▶ [Exercise objective]: Give again, unaltered, the lines of the listing below that run from the line having "Black Santa Leggings" through the line having "Very.uk Evening Dresses".

▶ [Records for processing]:
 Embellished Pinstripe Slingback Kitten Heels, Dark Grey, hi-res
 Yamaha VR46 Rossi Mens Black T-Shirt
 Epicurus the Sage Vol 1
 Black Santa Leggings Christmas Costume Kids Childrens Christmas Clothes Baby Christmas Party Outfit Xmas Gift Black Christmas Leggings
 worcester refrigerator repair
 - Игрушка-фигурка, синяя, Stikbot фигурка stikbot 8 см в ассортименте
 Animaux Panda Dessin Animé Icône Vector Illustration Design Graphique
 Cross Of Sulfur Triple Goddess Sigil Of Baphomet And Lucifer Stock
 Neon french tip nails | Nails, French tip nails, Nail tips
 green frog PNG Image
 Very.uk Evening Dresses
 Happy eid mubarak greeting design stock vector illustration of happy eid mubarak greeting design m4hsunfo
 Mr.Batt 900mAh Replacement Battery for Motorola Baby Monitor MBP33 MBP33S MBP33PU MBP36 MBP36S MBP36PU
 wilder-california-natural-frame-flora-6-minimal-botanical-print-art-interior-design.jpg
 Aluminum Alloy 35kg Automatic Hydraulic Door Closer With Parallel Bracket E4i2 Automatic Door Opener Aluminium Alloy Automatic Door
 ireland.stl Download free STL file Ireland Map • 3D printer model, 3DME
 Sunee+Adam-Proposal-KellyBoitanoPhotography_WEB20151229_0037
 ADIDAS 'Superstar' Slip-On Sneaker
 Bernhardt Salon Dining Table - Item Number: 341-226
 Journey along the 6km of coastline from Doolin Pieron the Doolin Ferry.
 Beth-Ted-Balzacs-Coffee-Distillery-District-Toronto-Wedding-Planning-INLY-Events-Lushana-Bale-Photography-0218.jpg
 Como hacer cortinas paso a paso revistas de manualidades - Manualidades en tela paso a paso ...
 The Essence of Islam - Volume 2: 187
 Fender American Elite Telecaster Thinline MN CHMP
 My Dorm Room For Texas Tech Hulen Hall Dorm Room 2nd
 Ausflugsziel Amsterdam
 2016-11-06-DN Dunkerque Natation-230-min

▶ [Answer for the task]:
 Black Santa Leggings Christmas Costume Kids Childrens Christmas Clothes Baby Christmas Party Outfit Xmas Gift Black Christmas Leggings
 worcester refrigerator repair
 - Игрушка-фигурка, синяя, Stikbot фигурка stikbot 8 см в ассортименте
 Animaux Panda Dessin Animé Icône Vector Illustration Design Graphique
 Cross Of Sulfur Triple Goddess Sigil Of Baphomet And Lucifer Stock
 Neon french tip nails | Nails, French tip nails, Nail tips
 green frog PNG Image
 Very.uk Evening Dresses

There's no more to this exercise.